Que ne puis-je, Messieurs, pour vous montrer l'application et le développement de ce système, faire passer sous vos yeux les résultats d'un curieux travail de M. Lavernier, sur le roulement de l'échevinage et des mairies de bannières depuis 1345 jusqu'en 1382. Vous y verriez dans qu'elle proportion chacune des corporations a fourni des officiers à la commune. Vous y verriez qu'il y avait un ordre hiérarchique de fonctions qu'il fallait, en quelque sorte, remplir successivement avant de pouvoir être élevé aux fonctions de maire de la ville. Presque toujours ce prince de la cité avait été, une ou plusieurs fois, maïeur de bannière, échevin, maître des présents ou receveur des rentes, maître des ouvrages ou grand compteur. Vous y verriez qu'en 1358, deux renouvellements de l'échevinage eurent lieu à un mois d'intervalle. Le premier constate l'absence de huit noms qui avaient fait partie des administrations précédentes. Ces huit noms ne reparaissent plus sur le livre d'or de la curie, parce qu'ils sont ceux de citoyens qui ont été déclarés traitres à la patrie pour avoir tenté

de livrer la ville d'Amiens au roi de Navarre. Vous y verriez que ce renouvellement, ayant été fait par les maïeurs de bannières seuls, en haine de la haute bourgeoisie accusée de connivence avec Charles-le-Mauvais, eût pour conséquence de faire arriver aux offices municipaux des gens appartenant aux professions mécaniques.
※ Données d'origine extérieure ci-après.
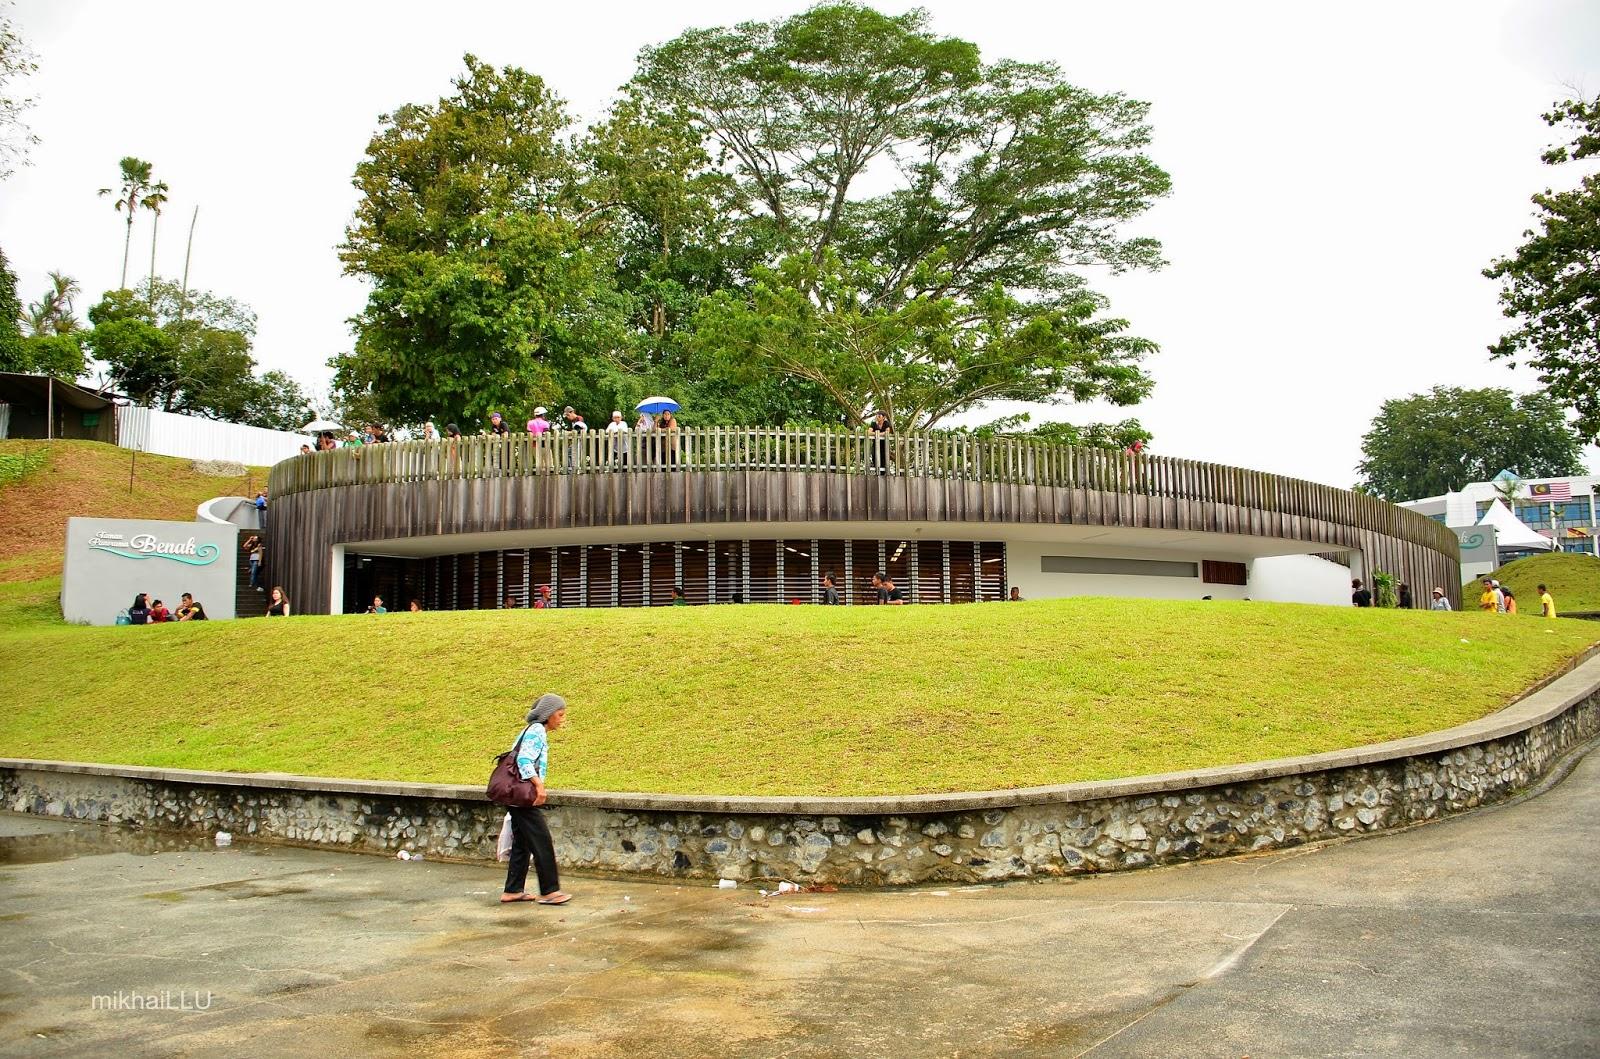 The front view of the Tidal Bore Observatory aka Taman Panorama Benak | mikhaiLLU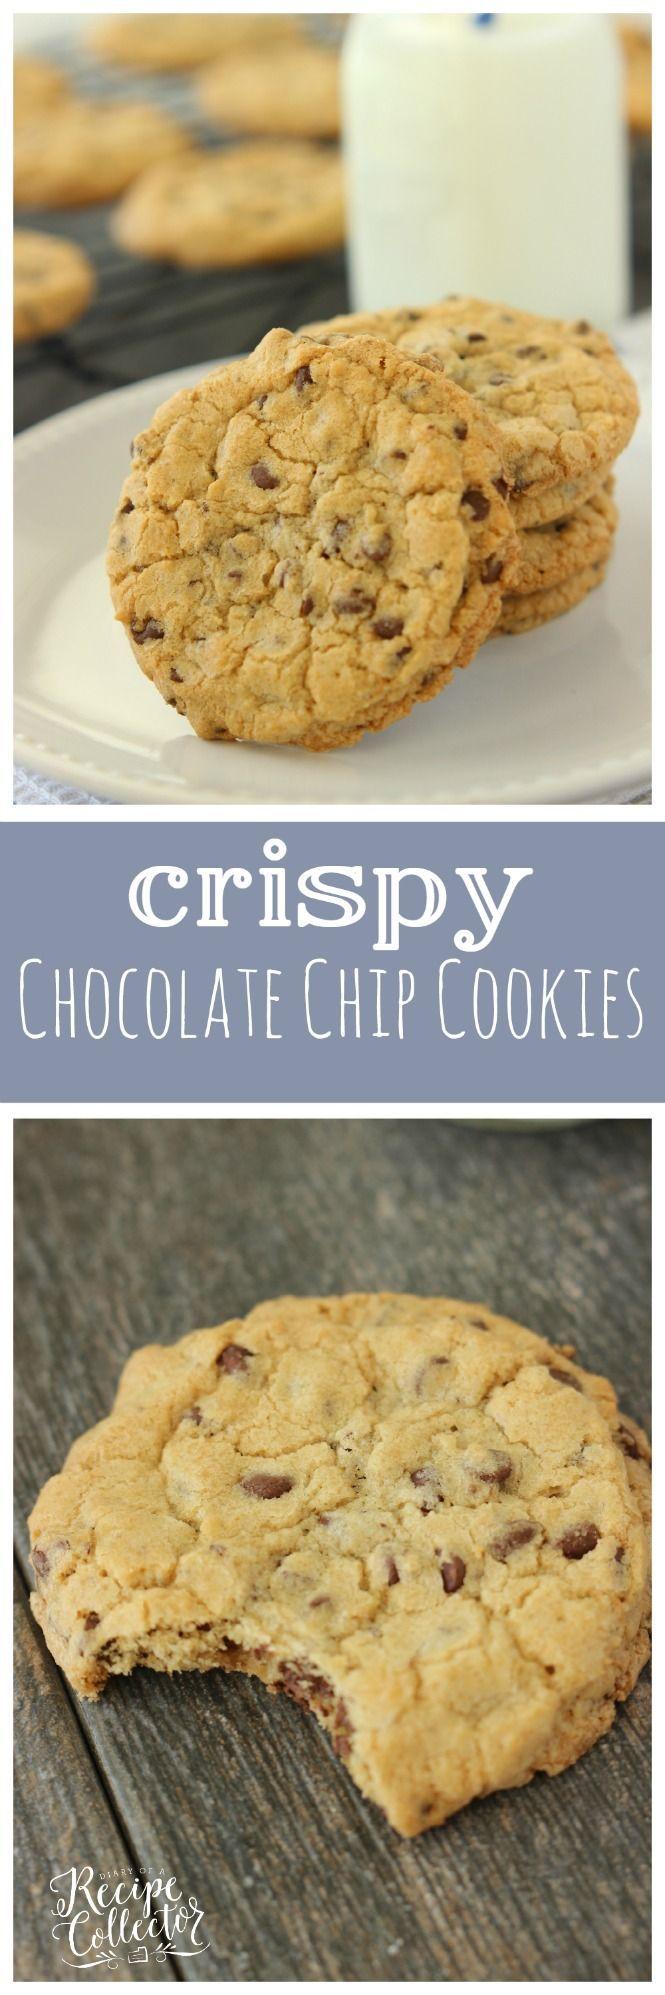 Best 10+ Crispy chocolate chip cookies ideas on Pinterest ...

Vous y verriez enfin qu'en 1382, les maïeurs de bannières ayant nommé pour grand compteur un homme qui savait à peine lire et écrire, le roi cassa l'élection et institua un autre agent comptable : mesure qui donna lieu à des révoltes à la suite desquelles les mairies de bannières furent supprimées, leurs biens confisqués et leurs chefs décapités ou exilés. Ainsi un événement heureux en apparence, la courageuse défense des habitants d'Amiens en 1358, eut néanmoins de déplorables résultats, puisqu'il donna un trop grand essor au principe démocratique: essor funeste qui devait se manifester par le débordement des passions populaires et aboutir à l'anéantissement de l'influence politique des corporations.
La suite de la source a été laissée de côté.